A 1987 paper reported results indicating that geotropic curvature of both roots and shoots could be explained by local migration of auxin from one side to another rather than by movement along the whole length of the organ.
Other studies showed that sometimes tropic response do not depend on the coleoptile tip, and the development of the shoots' bend may be greater than the auxin gradient of that shoot.
Critics have also had problems with the reliability of Went's small sample sizes and use of agar blocks instead of actual auxin concentration measurements.

==Support==
Evidence that supports Cholodny–Went over competing theories was reported by Iino and Briggs in 1984, showing that there was decreased growth on the lighted side of a corn coleoptile and increased growth of the shaded side. Experiments on Arabidopsis thaliana in 1993 following a similar methodology gave similar results, and these have been backed up by direct measurements of auxin distribution.
Other theories predict slower growth on both sides, but particularly on the lighted side (Blaauw/Paal 1918/1919), or faster growth on the shaded side but no change in growth on the lighted side (Boysen Jensen 1928).
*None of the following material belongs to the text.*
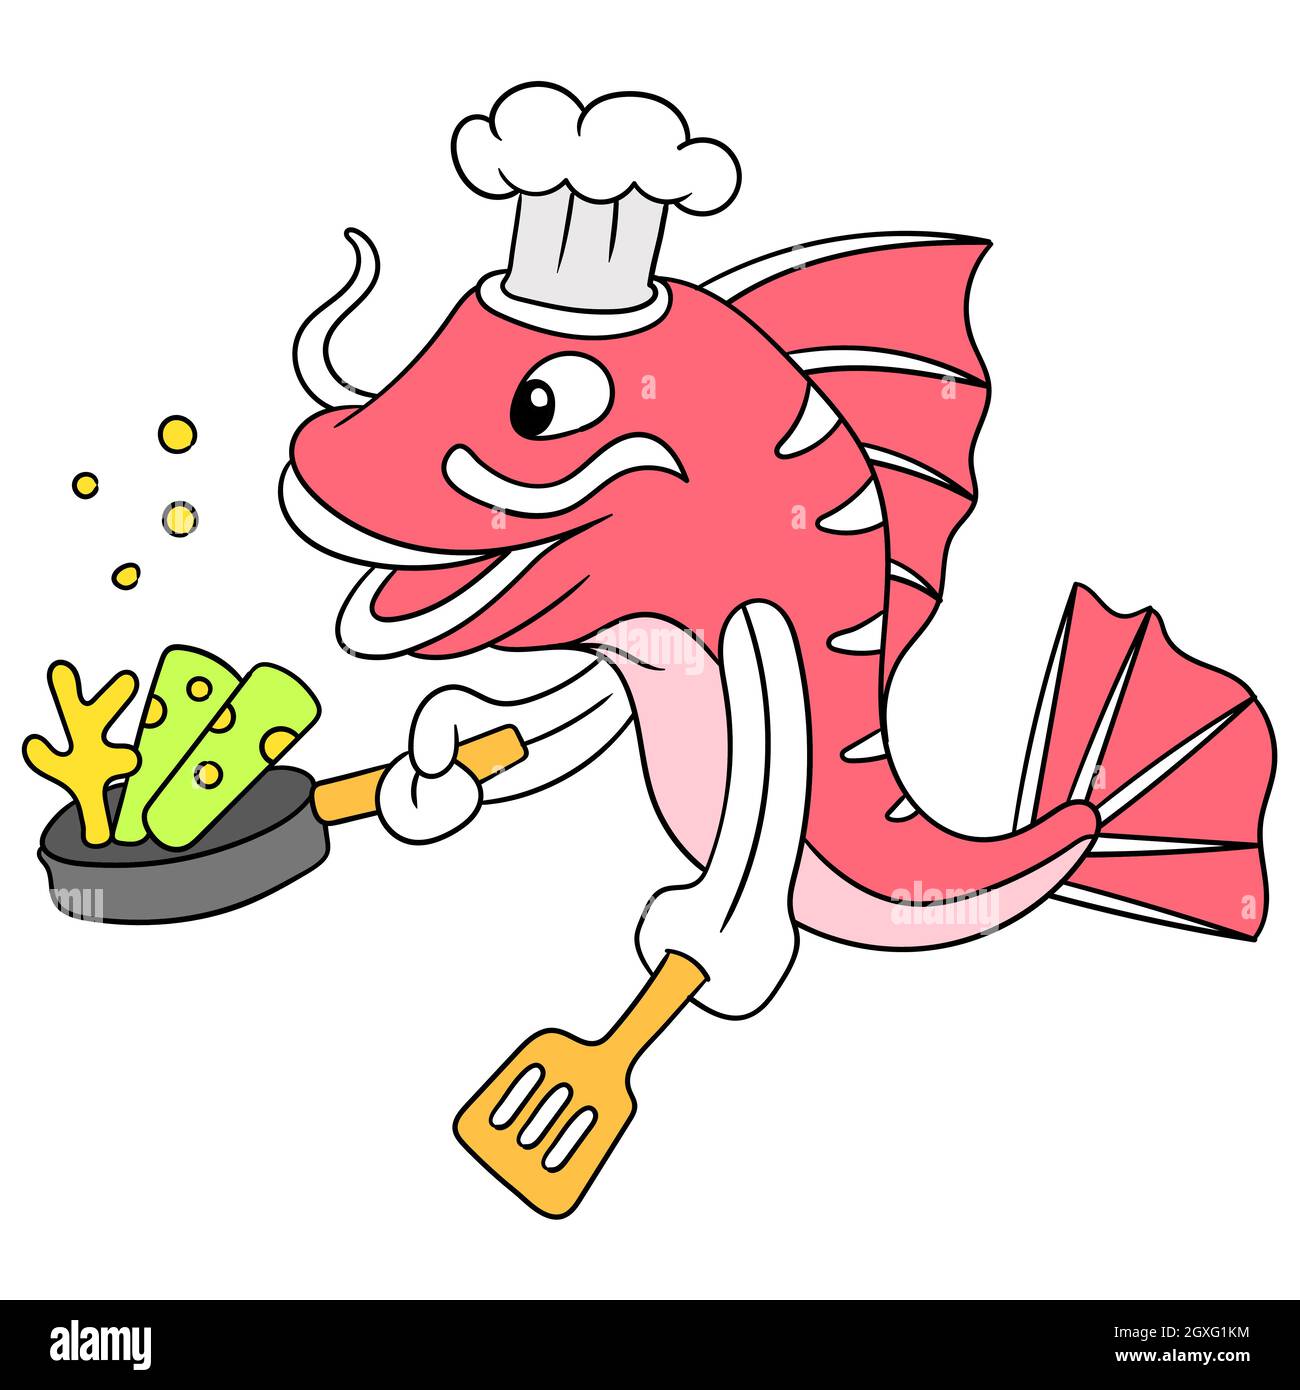 red snapper is cooking as a chef holding a frying pan Stock Vector

Experiments with tomato seedlings in 1989 by Harrison and Pickard led to the conclusion that the mechanism was also valid for dicotyledons.
In 1990–1991 Moritoshi Iino in Tokyo made measurements of IAA (auxin) in maize coleoptiles in response to both light and gravity.
He confirmed that auxin was redistributed to the shady or lower side, and that bending occurred progressively as the auxin moved down the coleoptile.
A 1993 report gave evidence that growth rates were changing on both the light and shady sides, as predicted.
Experiments in the late 1990s with radiolabelled IAA (auxin, indole-3-acetic acid) supported the view that auxin synthesized in the tip of the coleoptile was being transported to the bottom side of the coleoptile, causing it to curve upward.
A study of Arabidopsis reported in 2000 showed that basipetal (from the tip) transport of auxin controlled gravitropic responses in the roots of these plants.
One of the main arguments against the Cholodny-Went hypothesis was removed when it was reported in 2003 that even when there was an exogenous source of auxin an endogenous gradient could develop.

However, there are indications that the model is not complete. The auxin gradient may not be relevant to early phases of graviresponse in roots, and it seems that the gravitropic response of shoots only involves local movement of auxin.
Further research into phototropism and gravitropism is now investigating the roles of other plant hormones in the growth process and on the gravitropic and phototropic properties of plants using modern time-lapse photography.
Although it is clear that, at least with roots, auxin plays a major role in gravitropism it seems that other hormones acting with auxin are also involved.
Cytokinin may be an inhibitor of root cap growth that controls early gravitropism in roots.
Ethylene seems to be important in gravitropism in shoots, perhaps affecting sensitivity to auxin or its rate of transport.